С красноватым отливом, будто теплые».
— Почти как стихи.
— И стихи будут.
— У вас неплохо получается.
— Но сама я писать не буду.
— Можно было б продолжить так: «От монет шел жар, и, казалось, они обжигают пальцы».
— Уже было: повесть с чужими тетрадями. Но тетрадь у вас будет. Не моя, иначе придется вам ждать еще не один год, пока я не напишу, моей матери. И не сейчас, а после того, как расскажу.
— Начнете с монет?
— Начну с теплого южного города.
— …где некогда жила Катя.
— …и, увы, уже никогда жить не будет.
— Это как сказать, не загадывайте!..
1
Жили в большом южном городе, где много солнца и пахнет то морем, то степью, Мария, ее муж и дочь Катя.
Виктор работал инженером на судоремонтном заводе, а Мария пела в местной опере. Сразу попала сюда по распределению после окончания студии при Московской консерватории, правда не на первые роли, но иногда ей давали петь и ведущие партии.
Приняли ее поначалу, как это часто случается, настороженно, а как ближе узнали — полюбили. Полюбили за мягкий прав, за то, что не рвется в примы, не дерется за главные роли, безотказно выступает на шефских концертах, не гнушается и далеких поездок с тряской в грузовиках. Сидит молча в открытом кузове на скамейке-перекладине, держится рукой за гладкий железный верх кабины, и ветер треплет волосы, студит щеки.

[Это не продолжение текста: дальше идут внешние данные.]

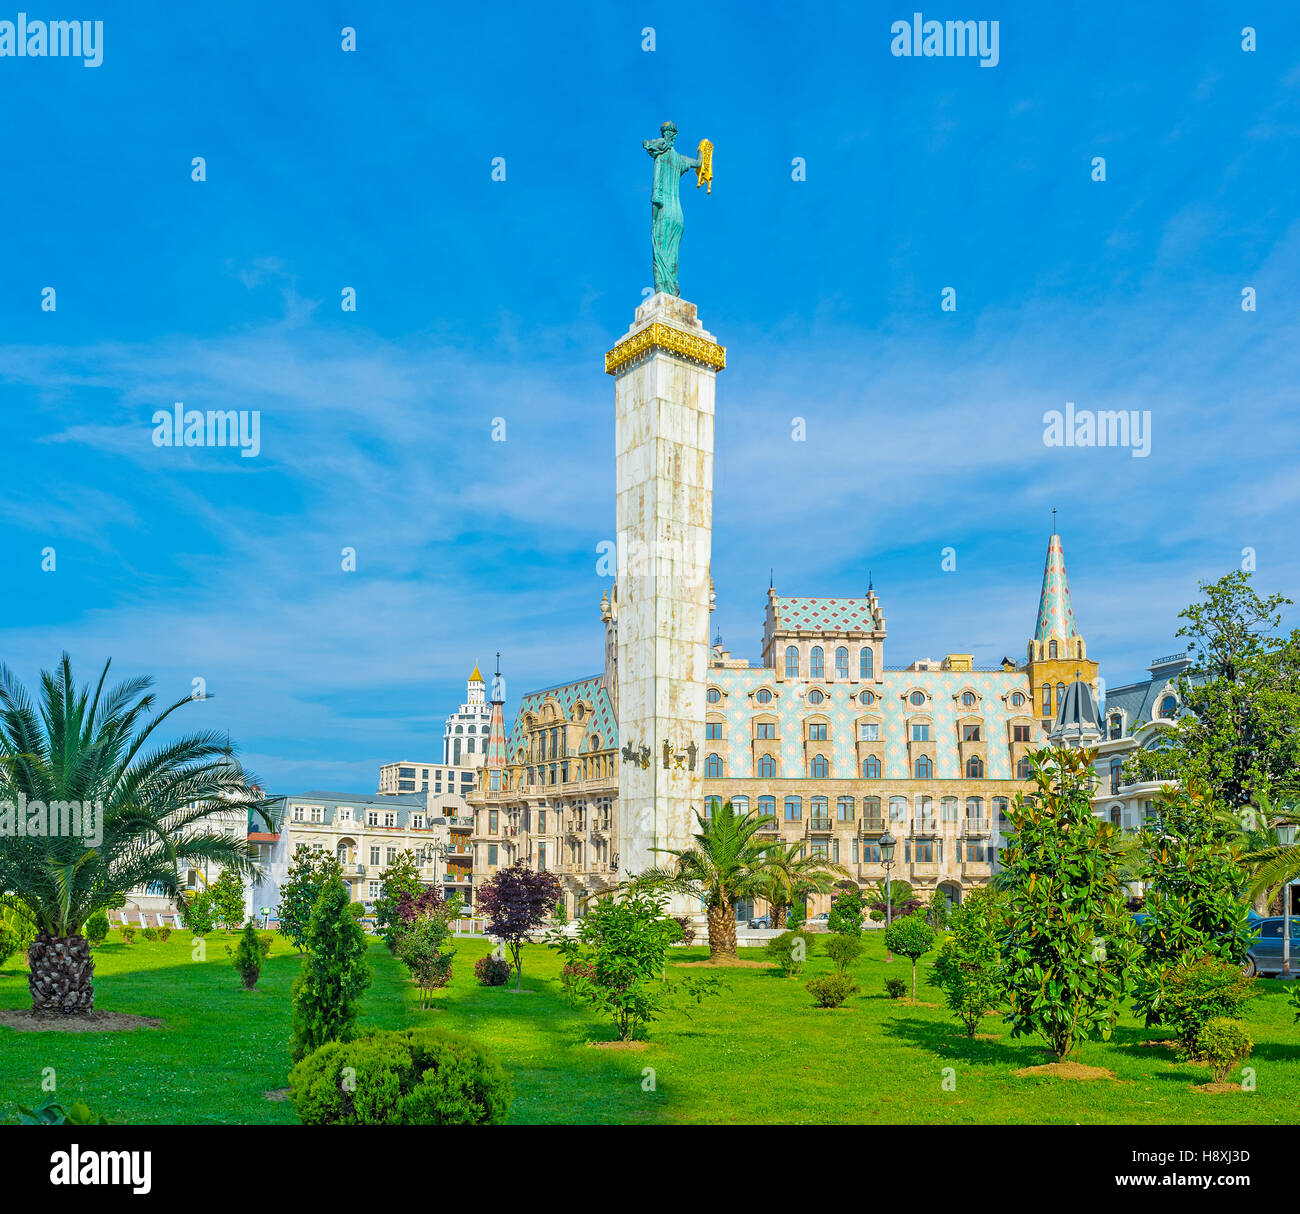 The bronze statue of Medea with the golden fleece rises over the mansions and greenery of Europe Square, Batumi, Georgia. Stock Photo
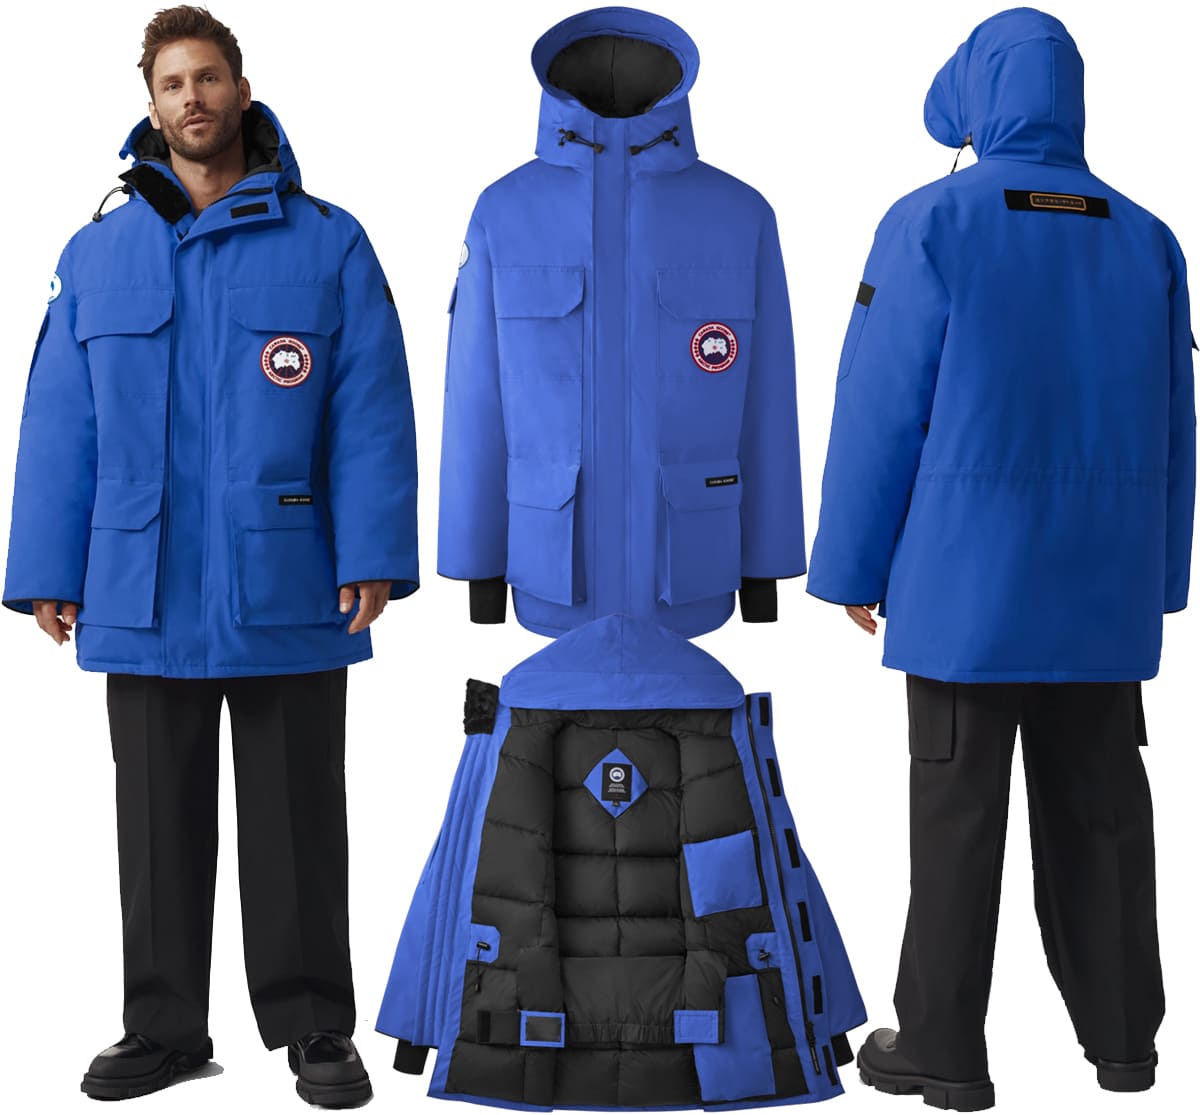 The original extreme weather parka, the PBI Expedition was developed for scientists working in McMurdo Station, Antarctica

Как-то послали ее выступить в цехе судоремонтного завода. Здесь она познакомилась с высоким молодым парнем, и ее поначалу рассмешило сходство их фамилий: она — Голубкова, а он — Голубев. Виктор представил се рабочим своего цеха, а после концерта проводил до самого дома: театр снимал для нее большую комнату, очень вытянутую в длину, с одним окном, и оттого полутемную, в старом коммунальном доме в двух кварталах от работы.
Виктору и в голову не приходило, что он может полюбить артистку. Они казались далекими, недоступными, не созданными для долгой семейной жизни. Но Мария, то ли потому, что пела не со сцены, а здесь же, рядом, и до нее было рукой подать, одета была в обычную блузку с юбкой и держалась просто, то ли потому, что взгляд ее подкупил своей доверчивостью, открытостью, но Мария и усилий никаких не приложила, чтобы его неверные суждения о том мире, к какому она принадлежала, развеялись сами собой, да их и вовсе не было, Виктор на себя наговаривает, показалось ему; Мария шла рядом, говорила о маме и папе, которые панически боялись в этот голодный год отпускать ее одну из Москвы, и теперь что ни день пишут ей по очереди, а она не успевает им отвечать, но ответить надо непременно, и каждому найти слова, лишь ему адресованные; письма наивные, теплые, полные трогательных наставлений, и без них ей было бы тяжело; говорила и удивлялась в душе, что делится с человеком ей незнакомым, хотя, когда она его увидела и он представил ее, «дорогую гостью», рабочим, после концерта отвел ее в заводскую столовую, а потом подошел и спросил, может ли ее проводить, — у нее было такое чувство, что она давно знает этого высокого, с большой уютной ладонью Голубева Виктора.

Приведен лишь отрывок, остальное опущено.